In re Staveland, A163944

Decision Date05 December 2018
Docket NumberA163944
Citation433 P.3d 749,295 Or.App. 210
Parties In the MATTER OF the DOMESTIC PARTNERSHIP OF Kirsten Kari STAVELAND, Petitioner-Respondent, and Michael Jon FISHER, Respondent-Appellant.
CourtOregon Court of Appeals

George W. Kelly, Eugene, argued the cause and filed the briefs for appellant.

Robert T. Scherzer, Portland, argued the cause and filed the brief for respondent.

Before Ortega, Presiding Judge, and Garrett, Judge, and Powers, Judge.


Respondent Fisher appeals a general judgment of dissolution of a nonmarital domestic relationship and a supplemental judgment awarding attorney fees to petitioner. Respondent asserts three assignments of error. In the first assignment, he argues that the trial court erred when it ruled that petitioner Staveland was entitled to half of the appreciation in value of respondent’s house (the Dickinson house) that occurred while she lived there with respondent. In a second assignment, respondent challenges the trial court’s calculation of appreciation, arguing that the court erred by awarding petitioner appreciation that accrued after the parties separated. In a third assignment, respondent asserts that the trial court erred in awarding petitioner attorney fees without adequately explaining the basis of its award. For the reasons below, we reverse and remand the general judgment for recalculation of the division of property, vacate and remand the supplemental judgment, and otherwise affirm.
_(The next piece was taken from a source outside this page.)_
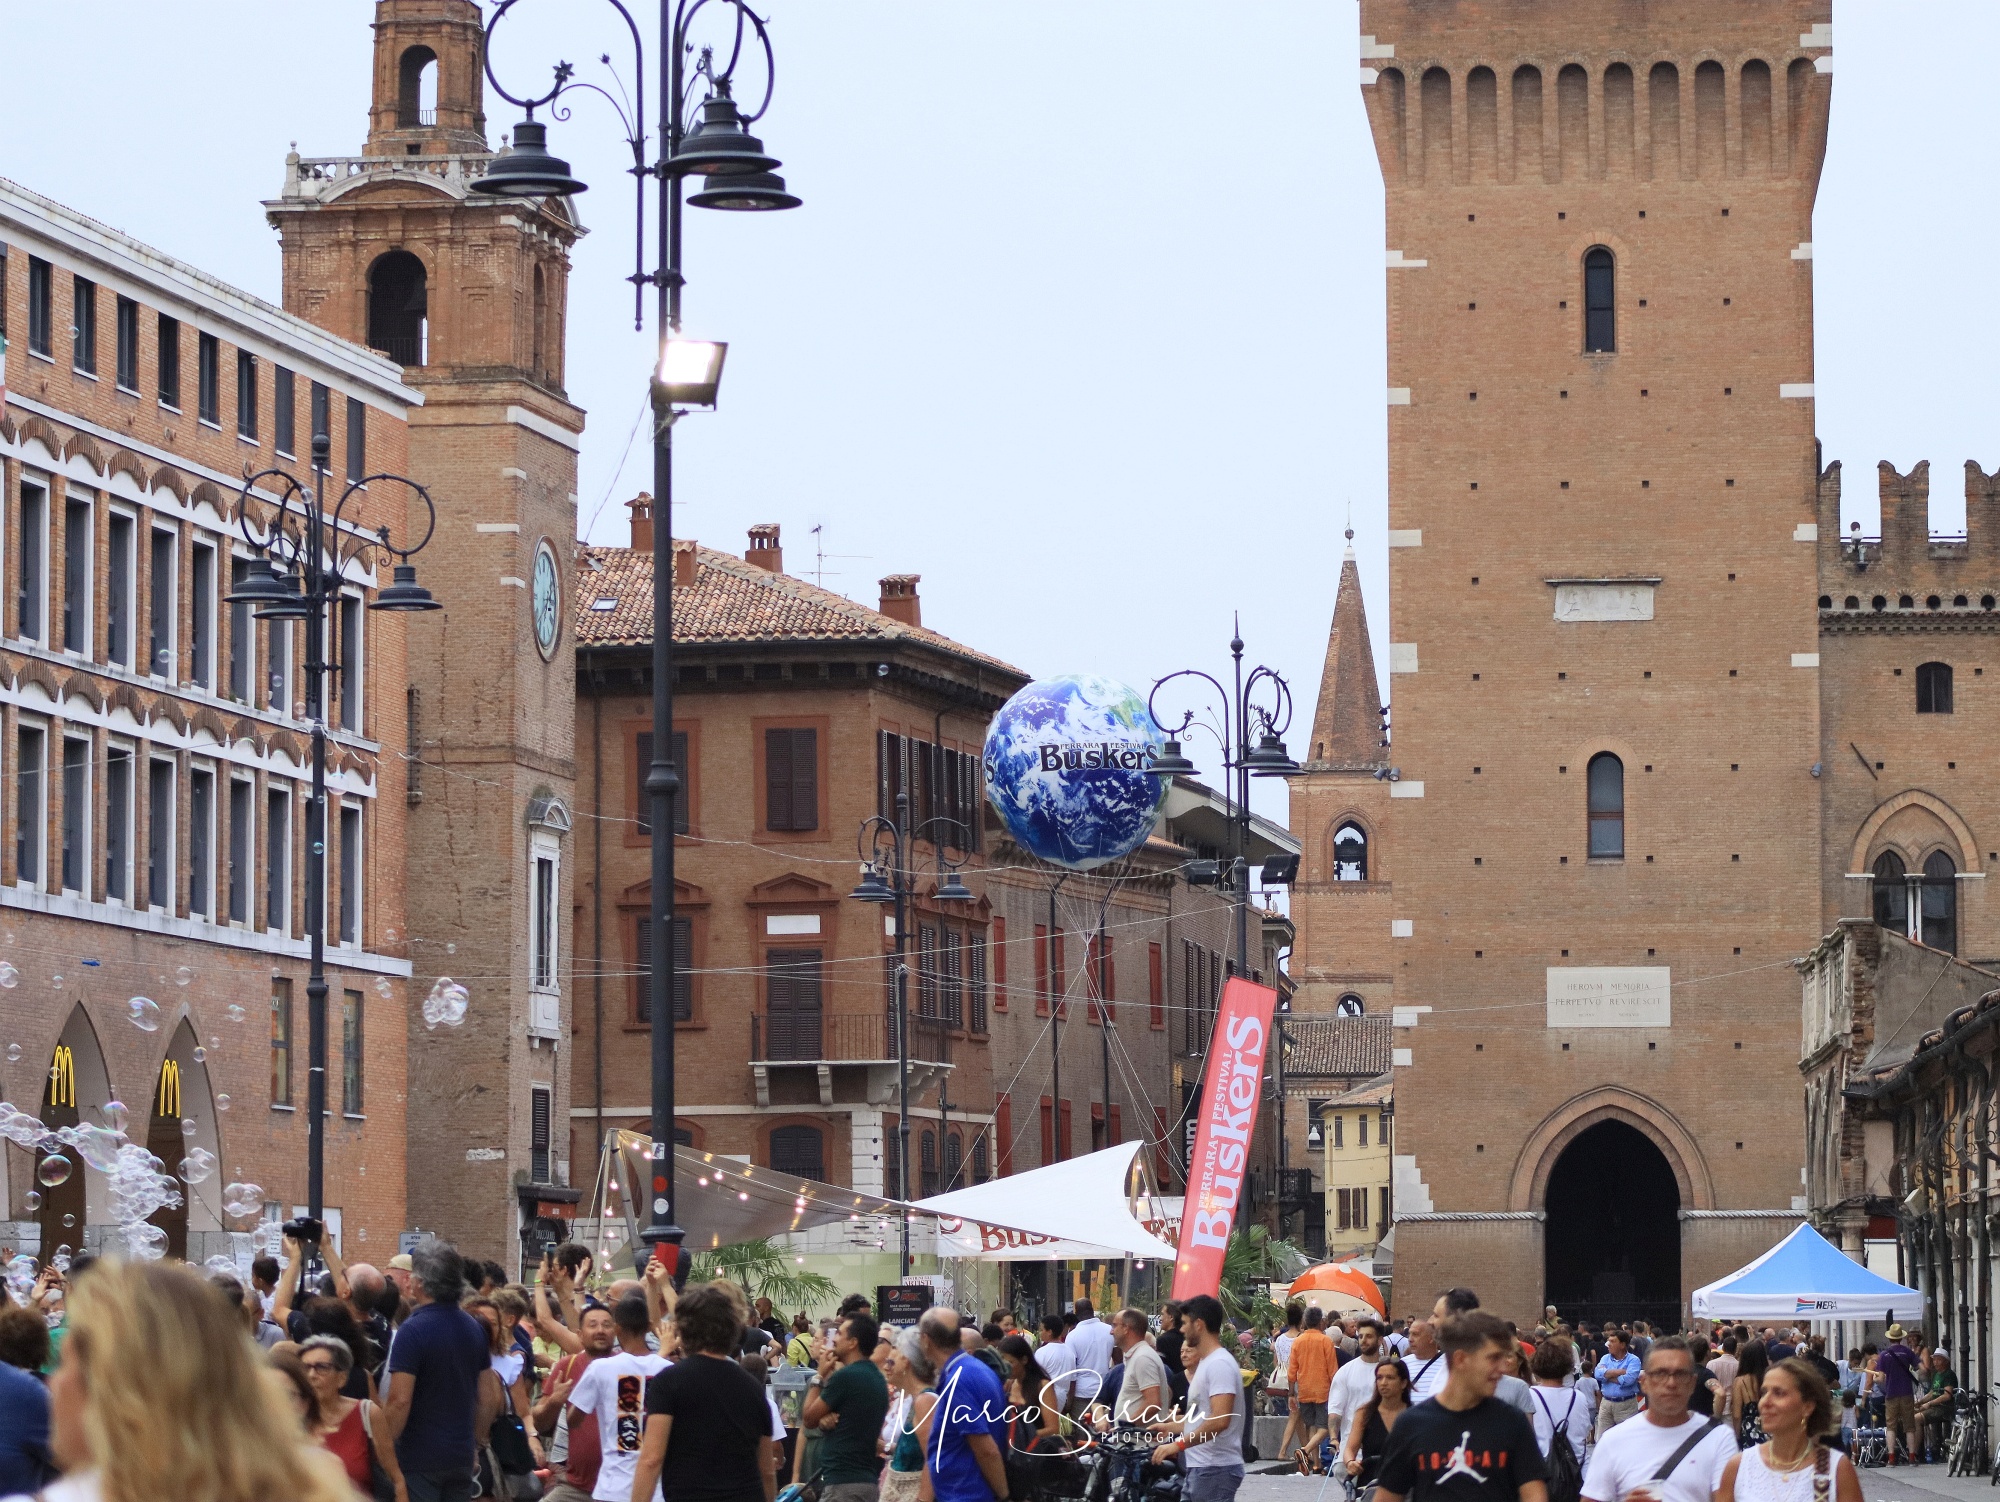 Ferrara Buskers Festival 2023
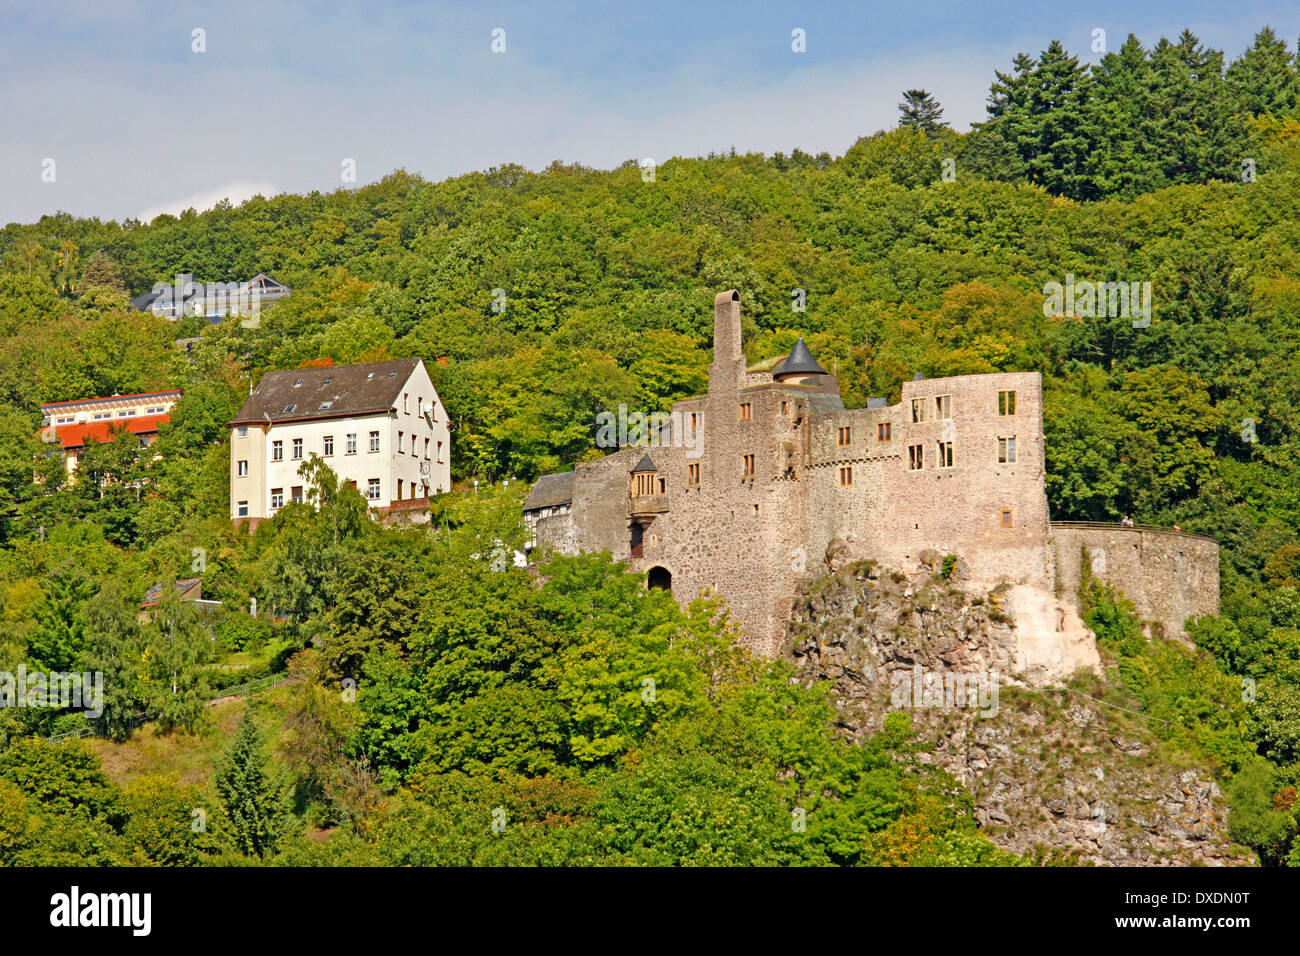 https://c8.alamy.com/comp/DXDN0T/castle-oberstein-idar-oberstein-DXDN0T.jpg

Neither party seeks de novo review, ORS 19.415(3), nor do we conclude that it is warranted. See ORAP 5.40 (8)(c) (explaining that this court will exercise de novo review only in exceptional cases). Consequently, we are " ‘bound by the trial court’s express and implicit factual findings if they are supported by any evidence in the record.’ " Schwindt and Schwindt , 290 Or. App. 357, 359, 414 P.3d 859, rev. den. , 363 Or. 119, 421 P.3d 353 (2018) (quoting Morton and Morton , 252 Or. App. 525, 527, 287 P.3d 1227 (2012) ).

The parties met in April 2011. In June of that year, respondent purchased the Dickinson house for $467,500. Petitioner did not contribute to the purchase, and title was taken in respondent’s name only. The parties moved in together at the Dickinson house later that month.

When the parties moved in together, they talked about sharing living expenses. Respondent agreed to pay the mortgage, property taxes, homeowners’ insurance, and some food expenses; petitioner agreed to pay for "everything else," including utilities, car insurance, and other food expenses. Overall, respondent paid more expenses than petitioner. Each party also worked to improve the house, including painting rooms, tiling and carpeting floors, and removing a wall between rooms. Overall, respondent did the majority of the work on most projects, and some projects were completed by respondent alone. All materials for the improvements were paid for by respondent. With respondent’s approval, petitioner made most of the decisions regarding the selection of furniture, color schemes, the arrangement of art, and other decorations.

Meanwhile, the parties kept their respective incomes and financial accounts separate. The one exception was a joint Vanguard investment account. The parties carefully tracked their respective contributions to, and interest in, that account.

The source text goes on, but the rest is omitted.